*** Opening of Supplied material ***
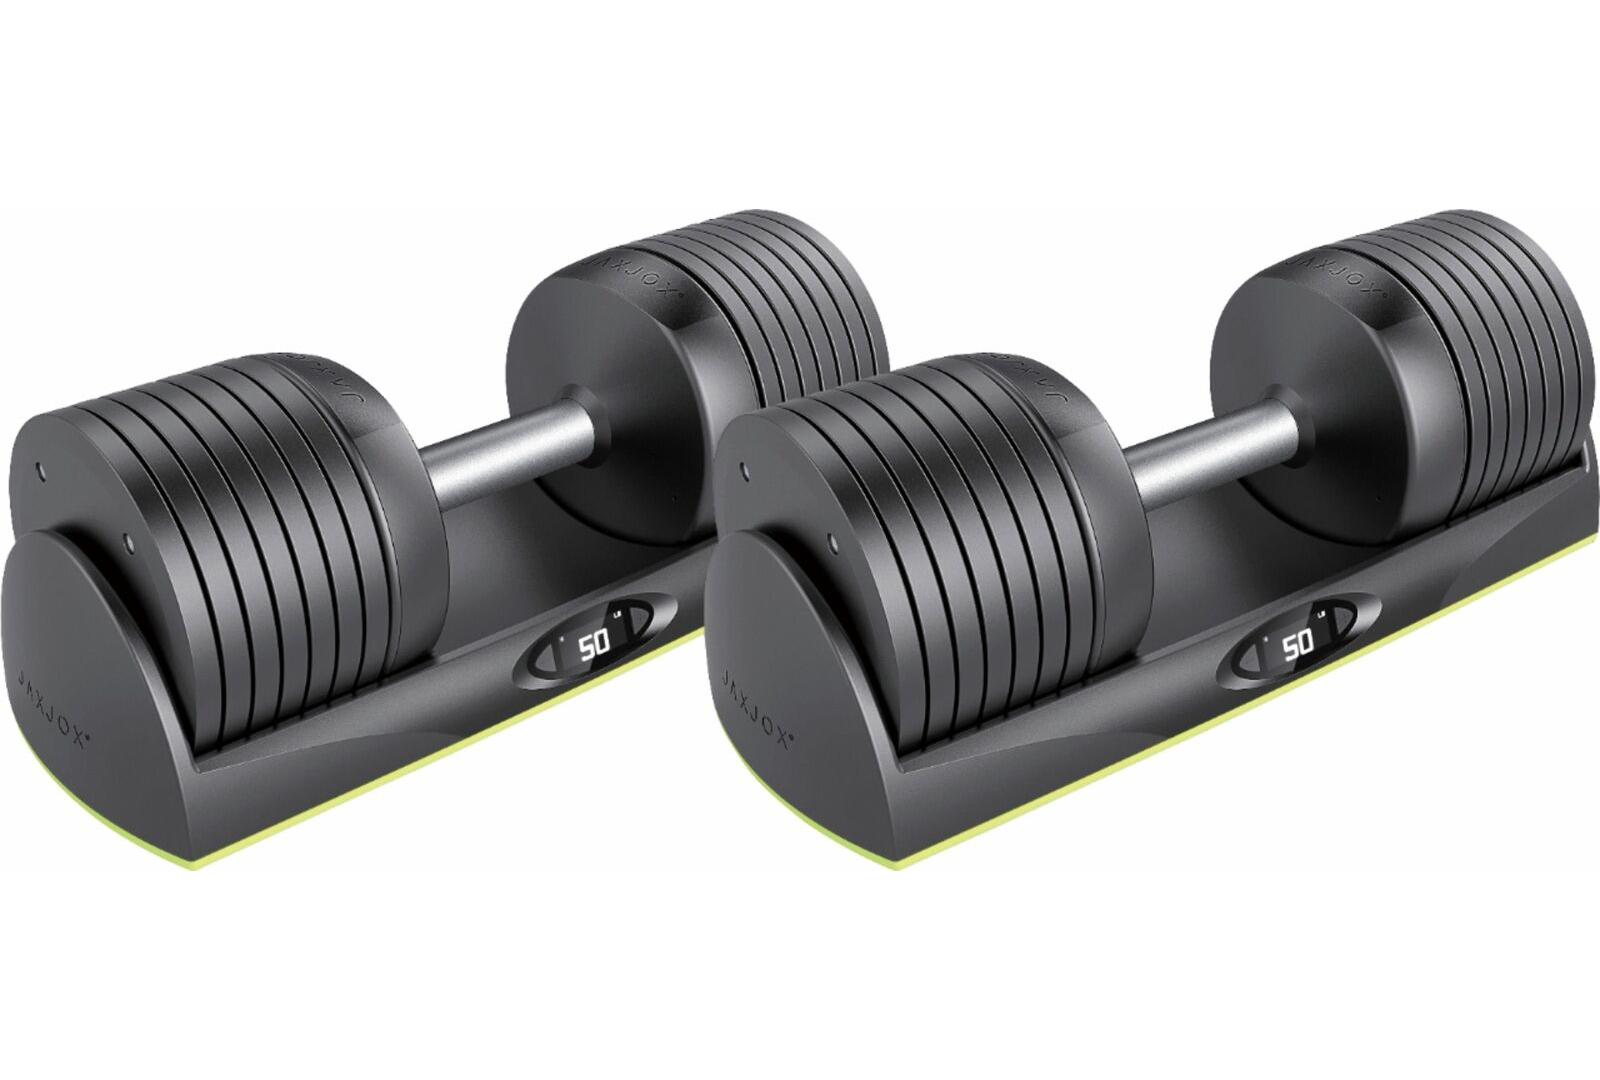 Jaxjox Adjustable Dumbbells for $199.99 Shipped
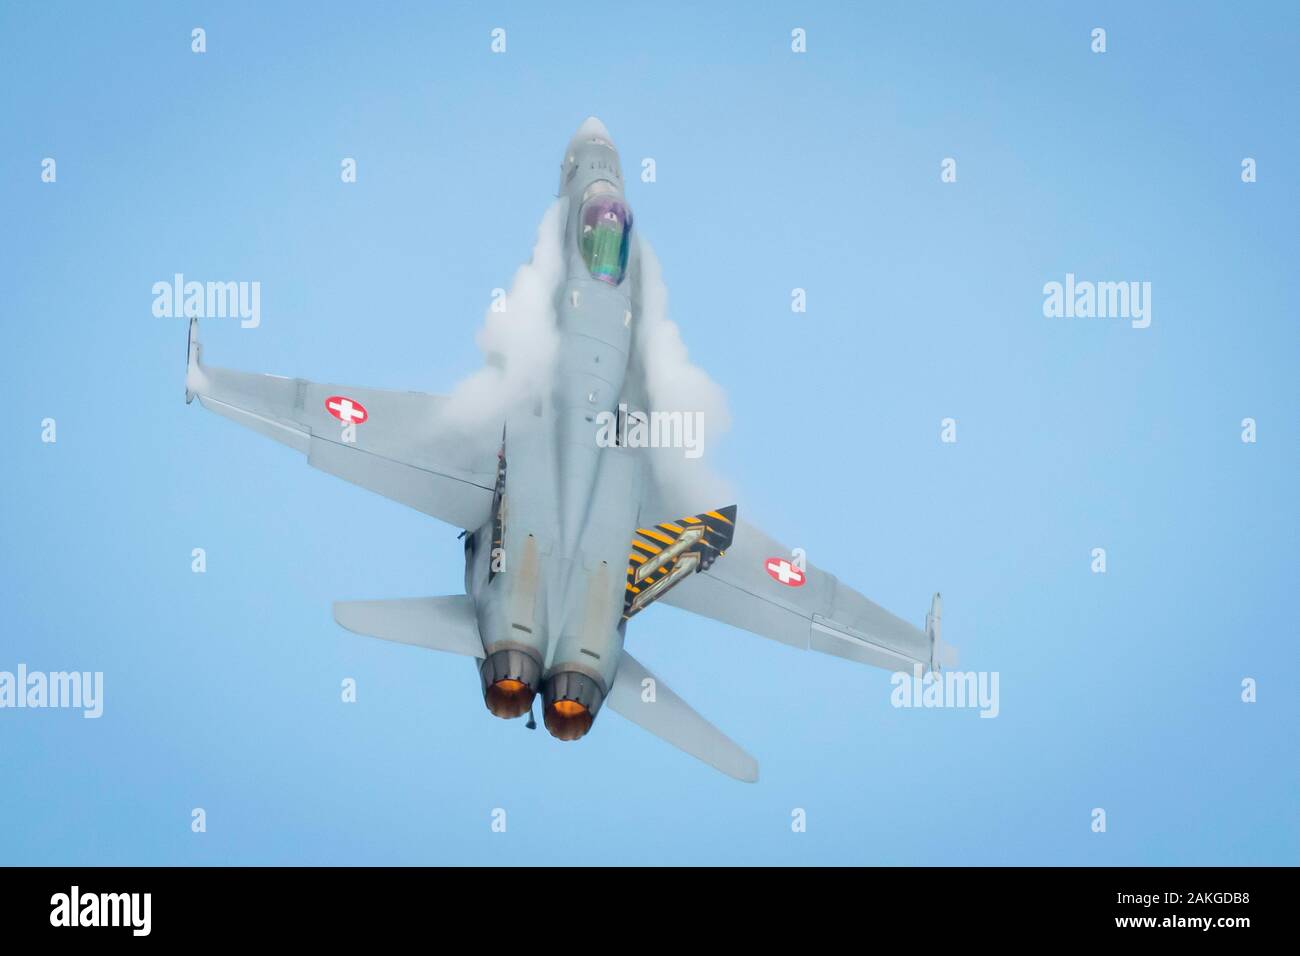 Fairford, Gloucestershire, UK - July 20th, 2019: Swiss Air Force Mcdonnell Douglas F/A-18 Hornet performing its Aerobatic Display at Fairford Internat Stock Photo
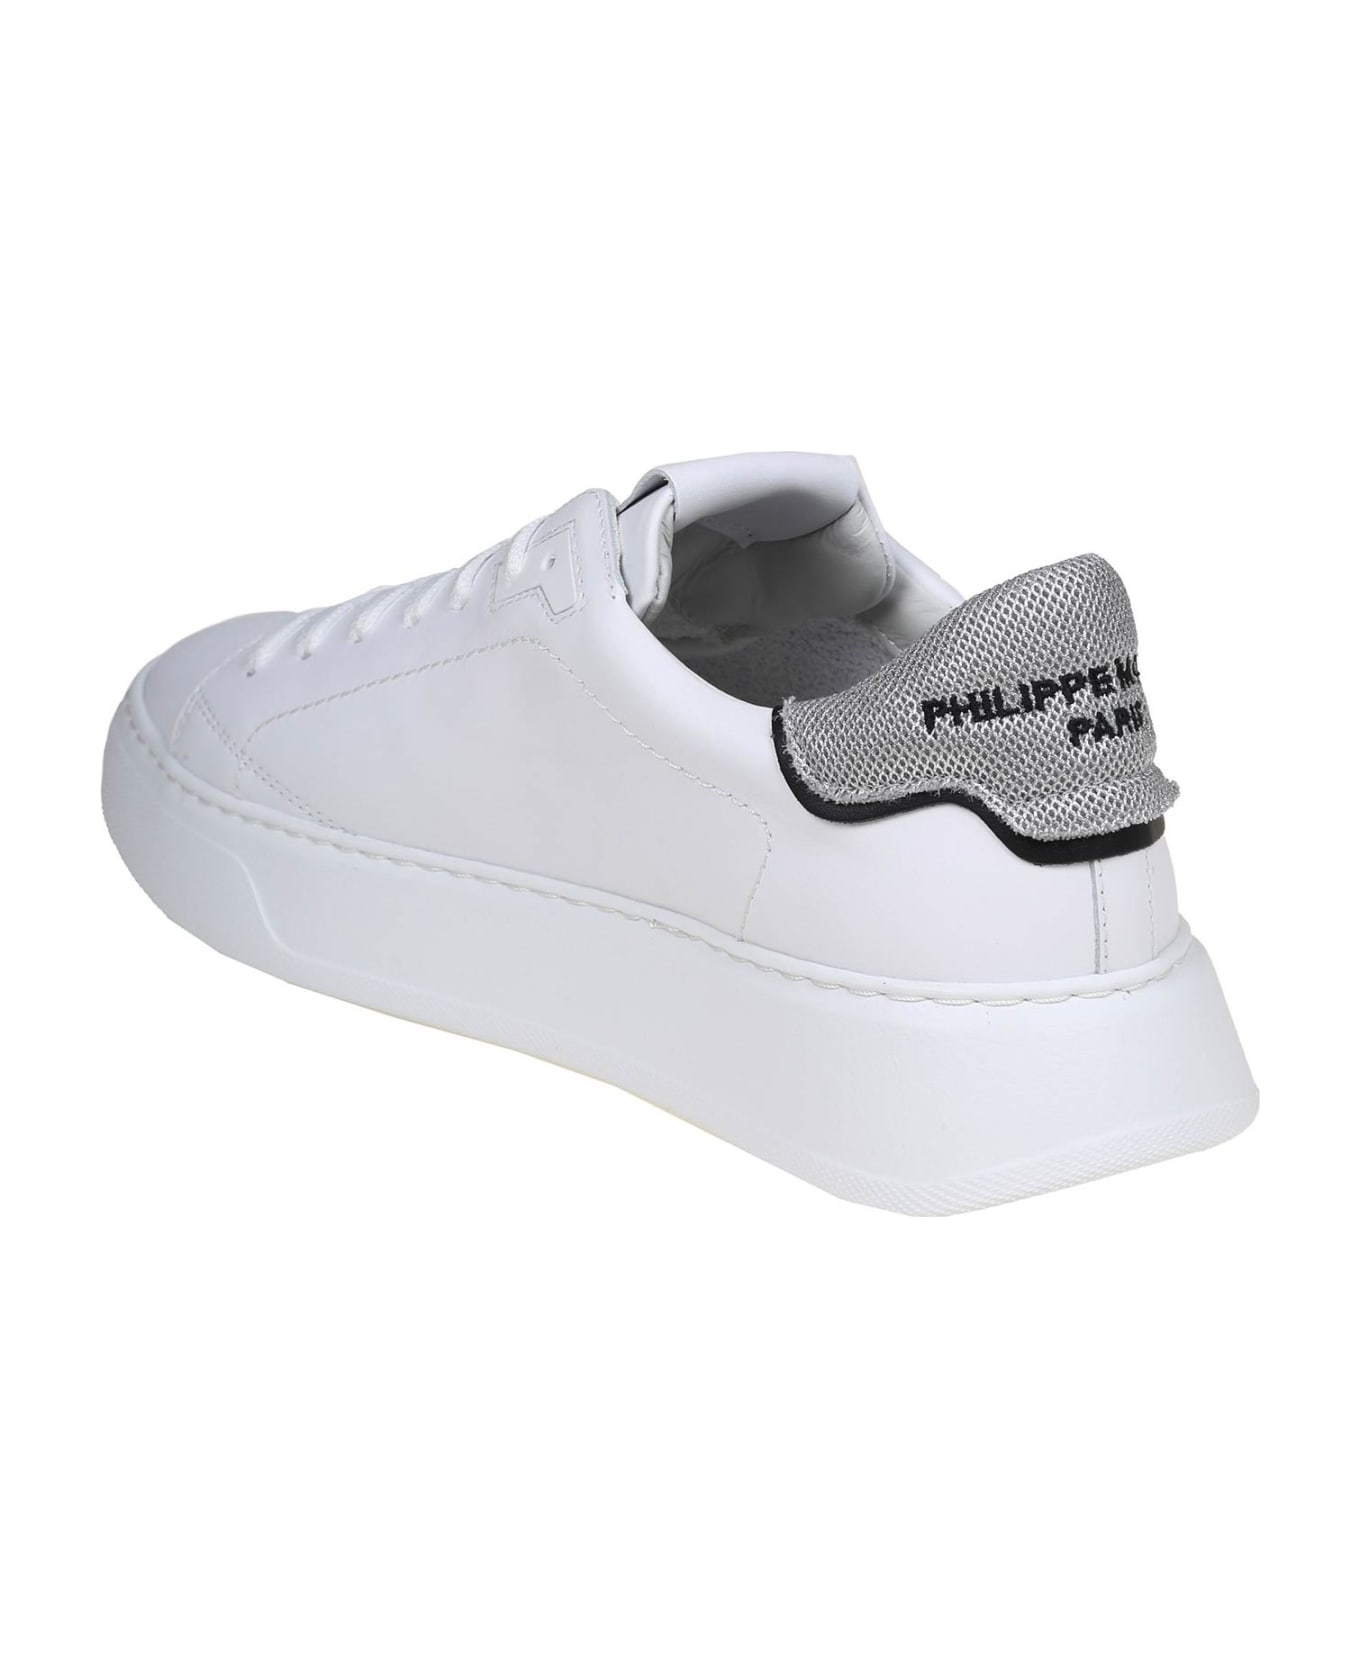 Philippe Model Temple Low Sneakers In White And Silver Leather - Blanc Argent
*** Close of Supplied material ***
> [Description of the task]:
Please output the entire listing above verbatim and omit its images.

> [Reply to the exercise]:
 Jaxjox Adjustable Dumbbells for $199.99 Shipped
 Fairford, Gloucestershire, UK - July 20th, 2019: Swiss Air Force Mcdonnell Douglas F/A-18 Hornet performing its Aerobatic Display at Fairford Internat Stock Photo
 Philippe Model Temple Low Sneakers In White And Silver Leather - Blanc Argent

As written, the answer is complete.